PROFESSOR: Langston Hughes Let America be America Again. (SLIDE4: AMERICAN FLAG) RIGHT Let it be the dream it used to be. Let it be the pioneer on the plain Seeking a home where he himself is free. America never was America to me74. (SLIDE5: BLACK) RIGHT Good evening my friends…I said, “Good evening my friends!” (Waits for a response). It’s about time we had a talk. In this often confusing, always uncertain, painfully thought- provoking age of the post-colonial, the post-modern, the post-racial, the post-whatever else you want to call it. Where black lives matter, , and all lives matter, but somehow we all end up sadder–We…need…to…talk. And, I don’t have time for platitudes or political correctness, so, if you don’t mind, I’m just gonna tell it like it T-I-is! As the Good Book says the TRUTH shall set you free75. Amen? But, first, I need to know something, my friends…Can we talk? No. Really. That’s a real question from me to you. Can we talk? Can we talk? Thank you. (Chalk board)“The Talk”, as it has come to be known, is a resounding epidemic in communities of color in these United States. It is an activated artifact of an age long gone. A new craze based on an old habit. It’s the kind of talk that Mamie Till (SLIDE6: Emmett Till) RIGHT had with her only child, 14-year-old Emmett back in the summer of 1955. As she nervously packed him up for a trip from his native Chicago to visit her family down in Money, Mississippi. On that bright sunny August morning, Emmett was warned in the deep desperate tones of a mother who knew all too well the dire danger that Jim Crow justice posed to the bodies of bright black boys from Chicago. She called him by his nickname…(Sit) (LIGHT Focus on CHAIR CENTER)

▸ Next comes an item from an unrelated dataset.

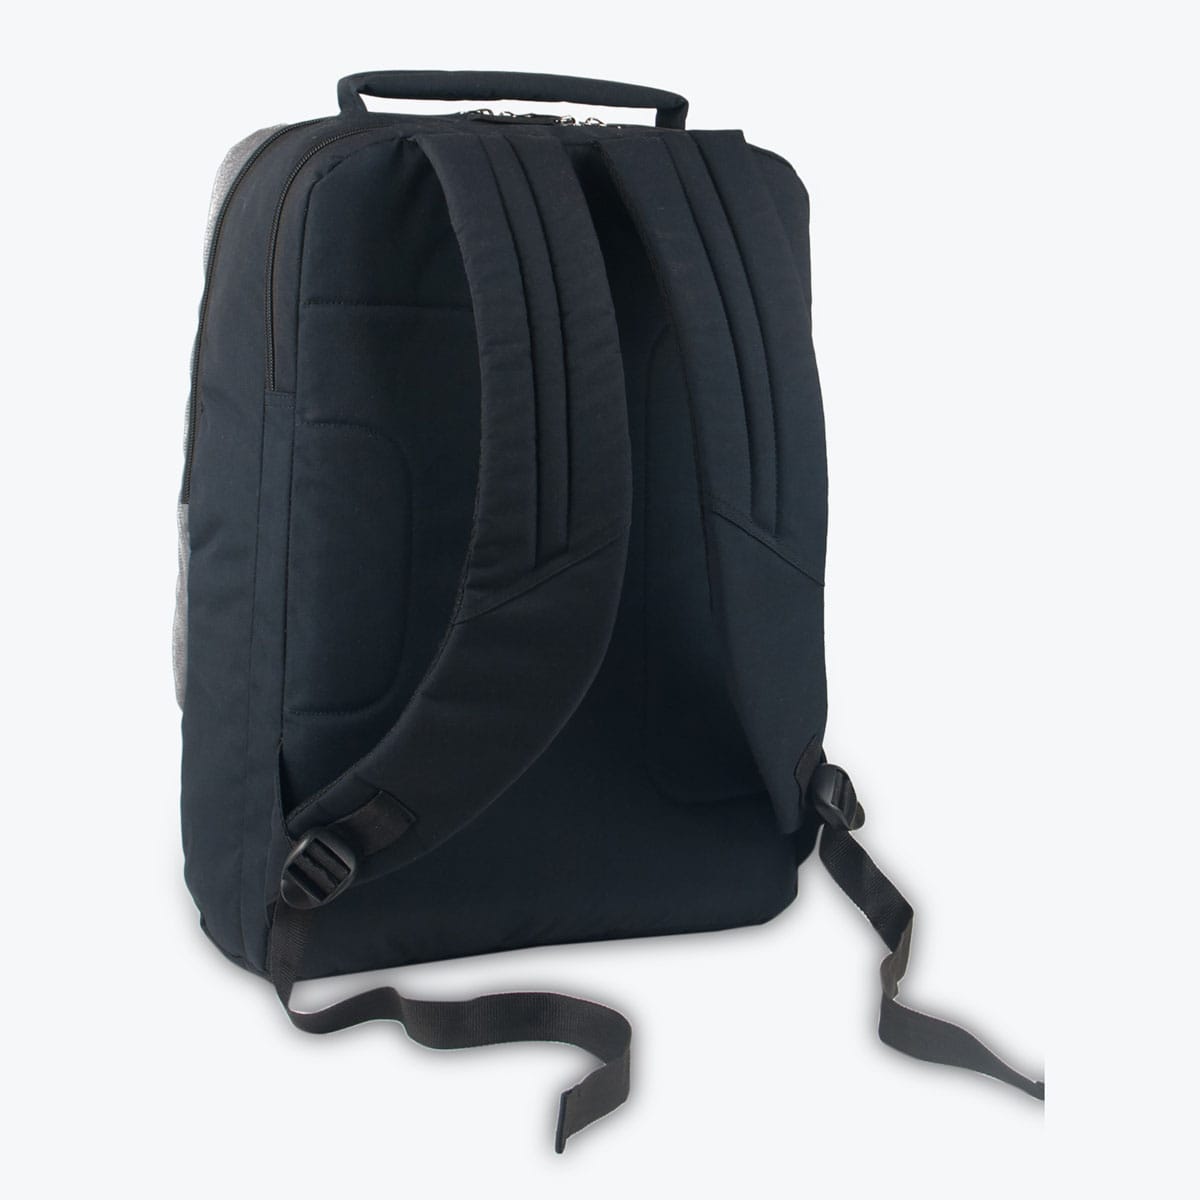 Black-Grey | Protecta Type A Travel Laptop Backpack-4
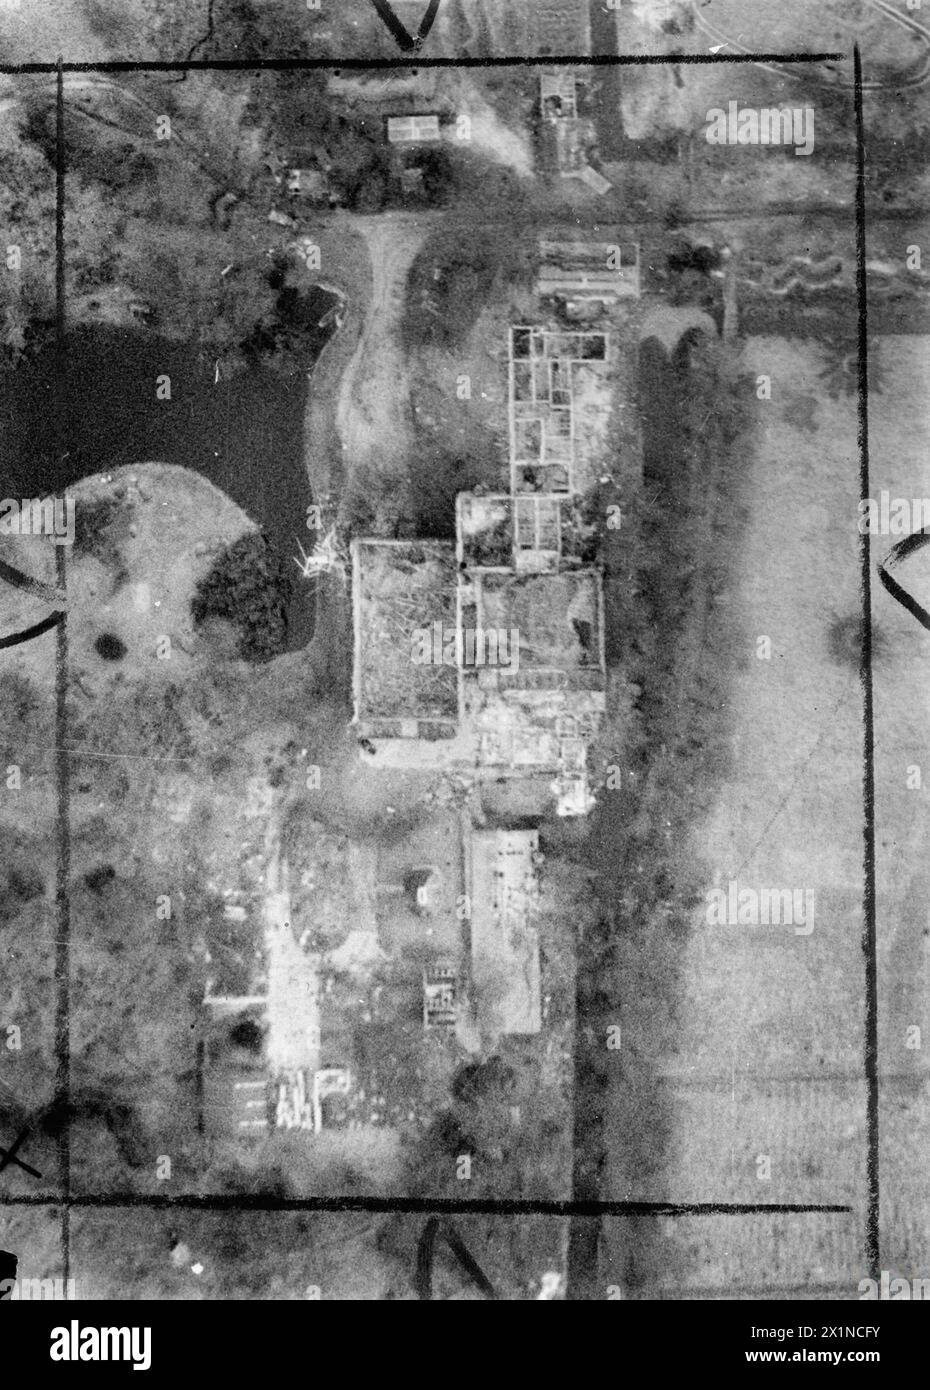 ROYAL AIR FORCE: OPERATIONS BY THE PHOTOGRAPHIC RECONNAISSANCE UNITS, 1939-1945. - Part of a vertical photographic-reconnaissance aerial, showing buildings of former film studios in Haagsche Bosch, Holland, which were being used to fire V2 rockets, following their destruction by Supermarine Spitfire fighter-bombers of Fighter Command, Royal Air Force, 106 Group Stock Photo

MAMIE: Bo! Now, you listen here! Please, Bo. Just put a handle on all those “yes’s” and “no’s.” Say, “Yes ma’am,” or “No sir.” Say, “Yes, Mr. So and So,” and “No, Mrs So and So.76”

PROFESSOR: That “Talk” turned out to be their last. Just a few days later, Emmett Louis Till would be beaten, murdered. (SLIDE7: BLACK) RIGHT (LIGHT Follow PROFESSOR Right)

74 Langston Hughes, “Let America be America Again,” in The Collected Poems of Langston Hughes, eds. Arnold Rampersad and David Roessel (New York: Vintage Classics, 1995), 189. 75 John 8:32. 76 DAR HE: The Lynching of Emmett Till, directed by Rob Underhill (Durham, NC: Mike Wiley Productions, 2013), DVD.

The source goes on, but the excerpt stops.